Dataset extract:
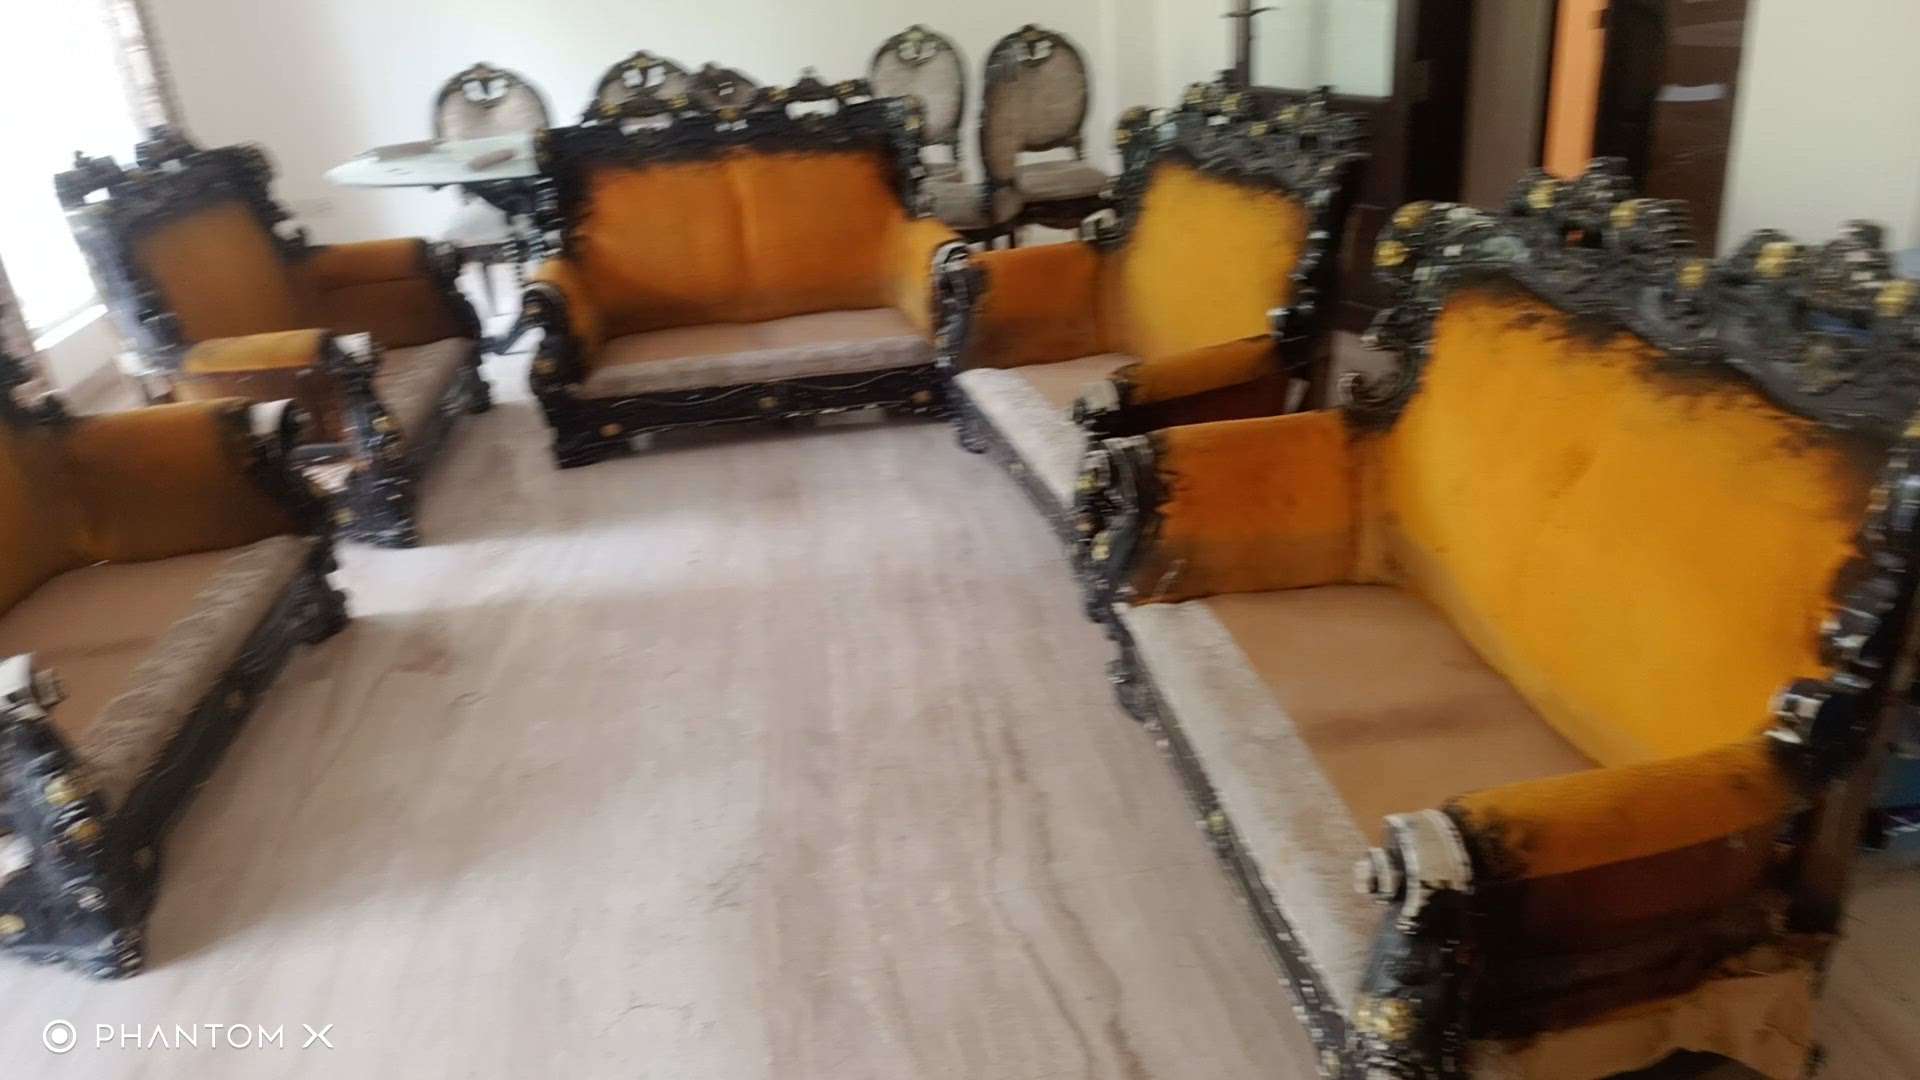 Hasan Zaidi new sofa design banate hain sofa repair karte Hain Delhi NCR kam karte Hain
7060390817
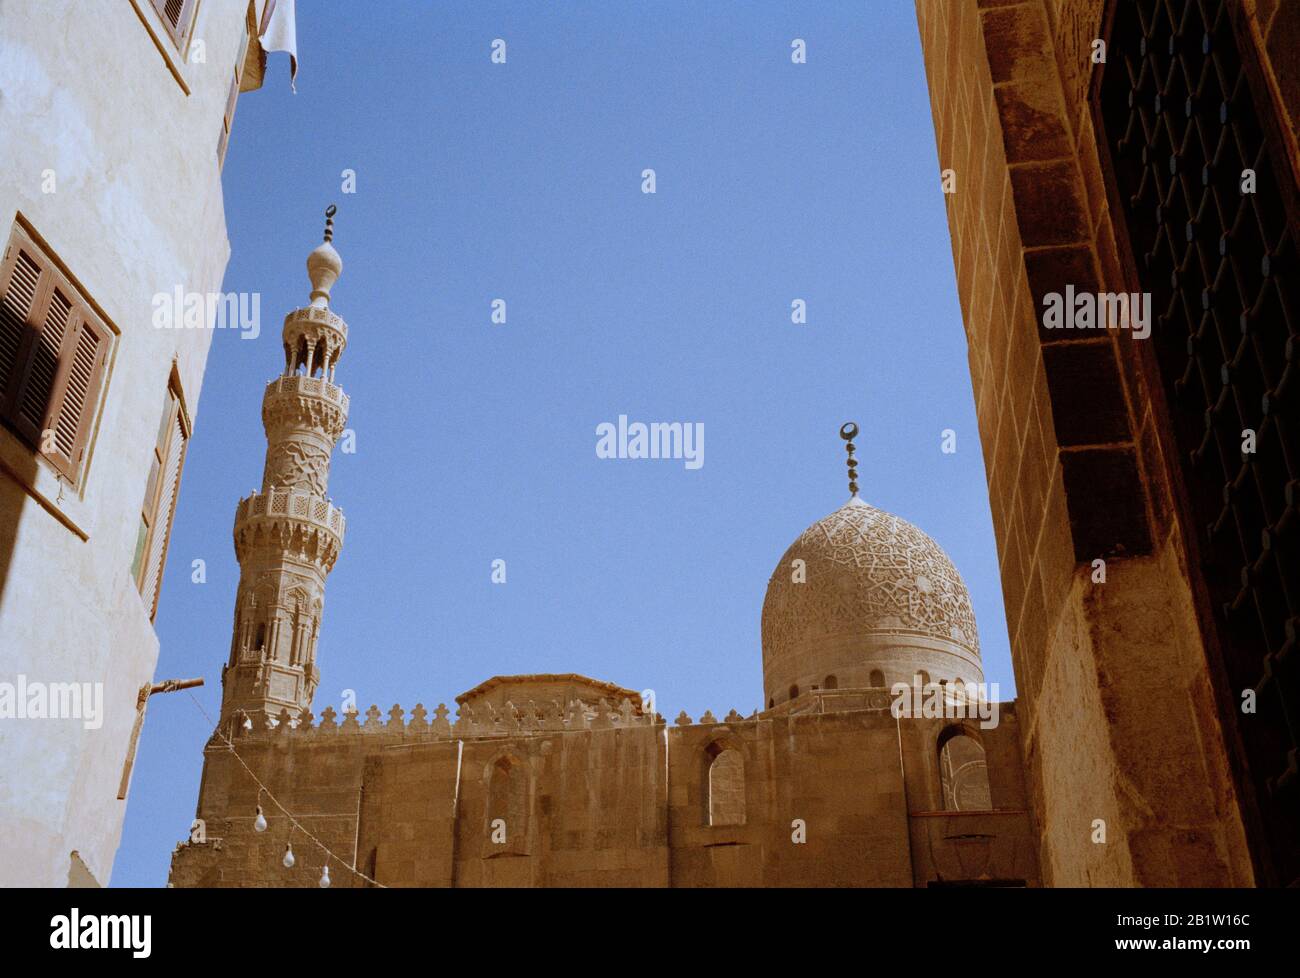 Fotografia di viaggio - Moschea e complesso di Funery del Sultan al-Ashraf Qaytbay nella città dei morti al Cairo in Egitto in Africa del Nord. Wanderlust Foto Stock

What is required:
Take every line of the material and copy it exactly, leaving out the pictures.

Written answer:
 Hasan Zaidi new sofa design banate hain sofa repair karte Hain Delhi NCR kam karte Hain
7060390817
 Fotografia di viaggio - Moschea e complesso di Funery del Sultan al-Ashraf Qaytbay nella città dei morti al Cairo in Egitto in Africa del Nord. Wanderlust Foto Stock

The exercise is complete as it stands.